Mais personne n’a voulu tenir compte de ces propositions. Ce qui fait enrager Maas : « Dans ce dossier, le SSMN a failli sur toute la ligne. On peut nous reprocher d’avoir réagi tardivement, mais nous n’avons pu le faire qu’au moment où le plan de détruire les Keeseminnen est devenu public. » Pour lui, le CNCI s’est créé par le besoin de protéger le patrimoine industriel contre l’incapacité des autorités responsables. Ce qui promet, vu que la ministre de la Culture a déclaré dans sa réponse à la question parlementaire de Marc Baum avoir soutenu la création du CNCI pour mettre en place « une étroite collaboration » avec le SSMN pour créer l’inventaire du patrimoine industriel. Rappelons ici que sans cet inventaire au complet aucun bâtiment ne sera protégé et que la fin des travaux sur ce document est prévue pour dans une dizaine d’années. On verra si cette collaboration pourra être fructueuse.

Mais entre-temps, force est de constater que les Keeseminnen sont condamnées. Le ministère ayant capitulé devant les faits accomplis créés par le promoteur, il ne reste que la commune d’Esch qui pourrait ou aurait pu les sauver éventuellement. Mais la confiance entre le CNCI et les responsables communaux n’est pas grande : « Ils n’ont rien fait pour nous soutenir à aucun moment », déclare Dan Cao.

(©Thora Kleinert)

Il est vrai que la commune a plutôt slalomé dans ce dossier. En février encore, l’échevin Martin Kox déclarait que personne ne toucherait aux Keeseminnen, avant de se rétracter devant les faits.
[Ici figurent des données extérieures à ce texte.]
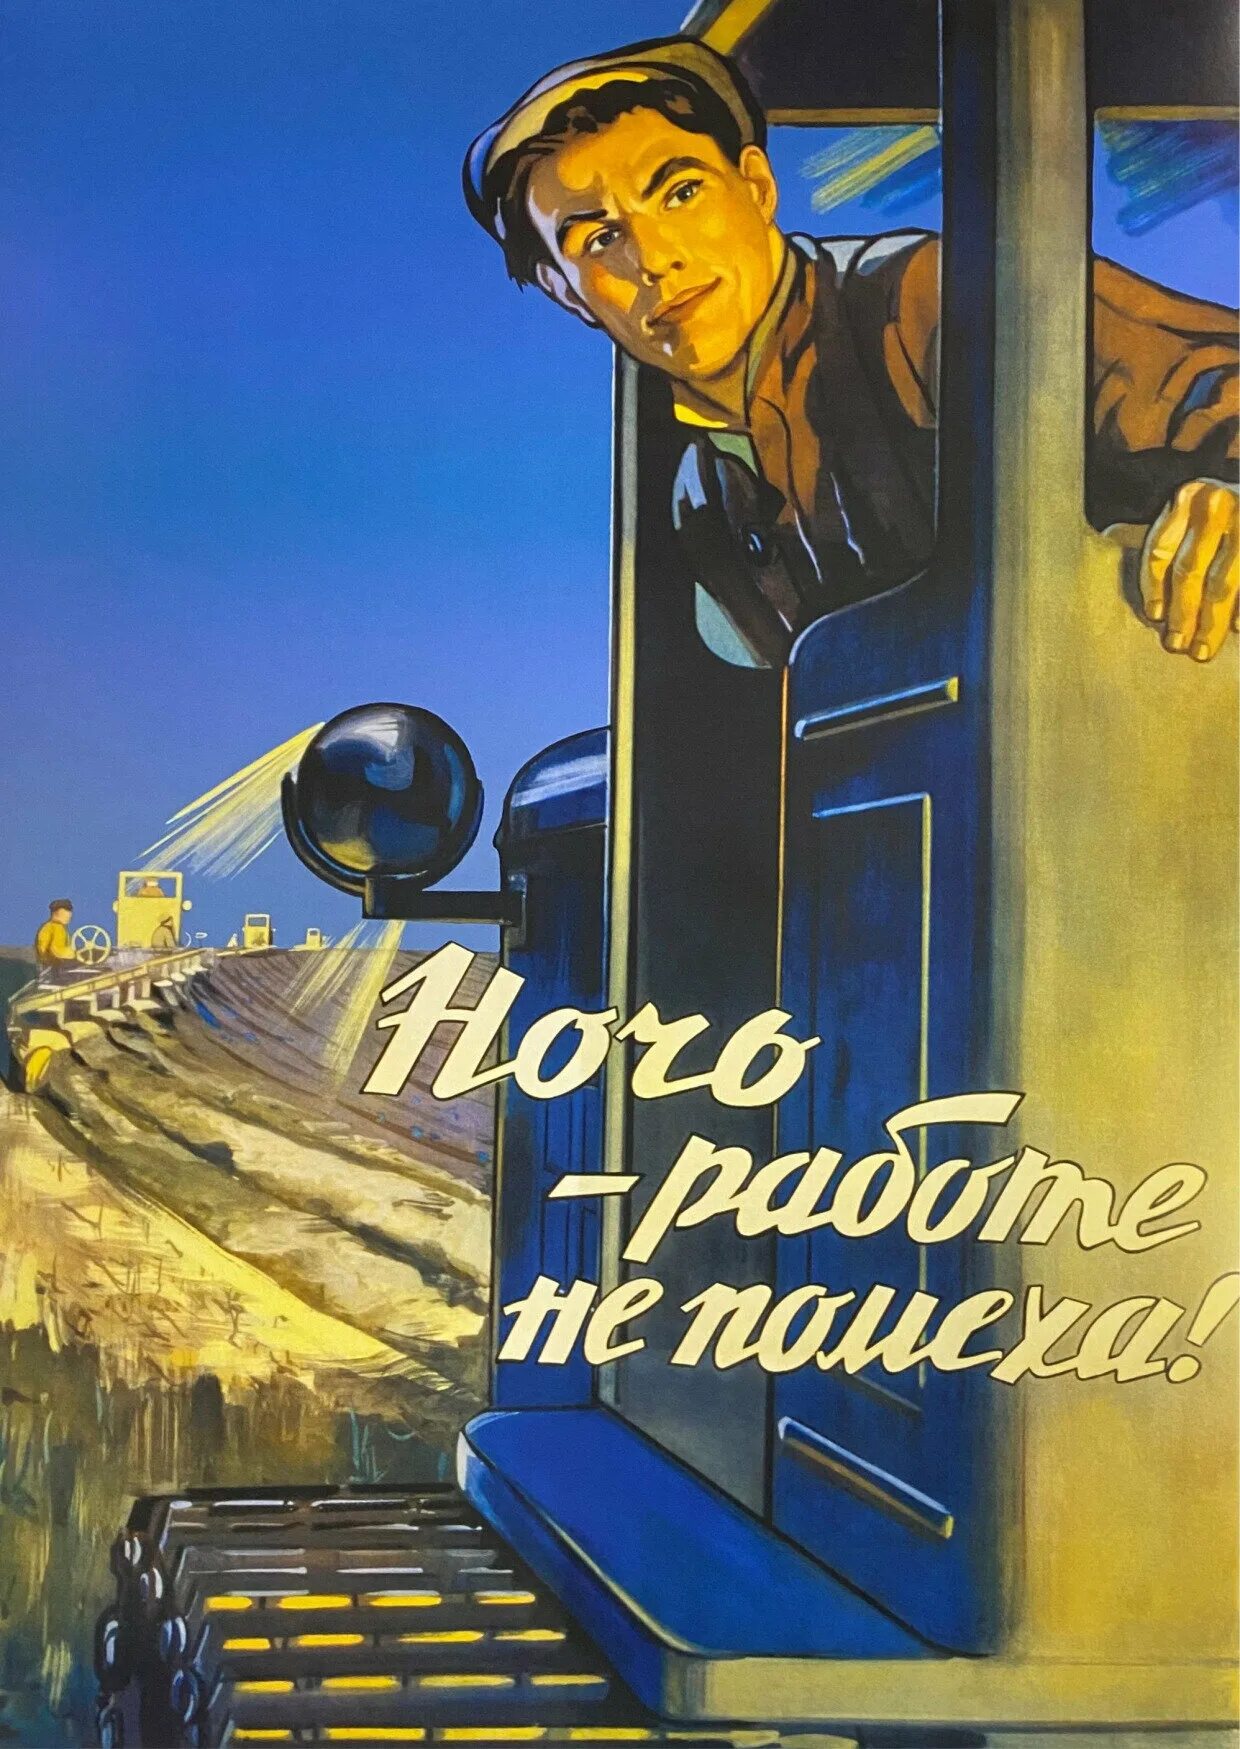 Работать без помех. Советские плакаты. Ночь работе не помеха. Плакат ночь работе не помеха. Советские плакаты про работу и труд.

Ce qui fait que la réponse que nous avons obtenue de la part du bourgmestre Georges Mischo est un peu surprenante : « Les Keeseminnen ne sont pas à considérer comme condamnées, car une partie des portiques métalliques seront gardés pour être réintégrées au projet Rout Lëns. Ainsi, ensemble avec six autres éléments industriels, elles seront plus tard intégrées comme base d’un parc ». Curieux juste que personne d’autre ne nous en ait parlé, mais en tout cas ce parc – s’il existera – sera aussi une sorte de cimetière du patrimoine industriel.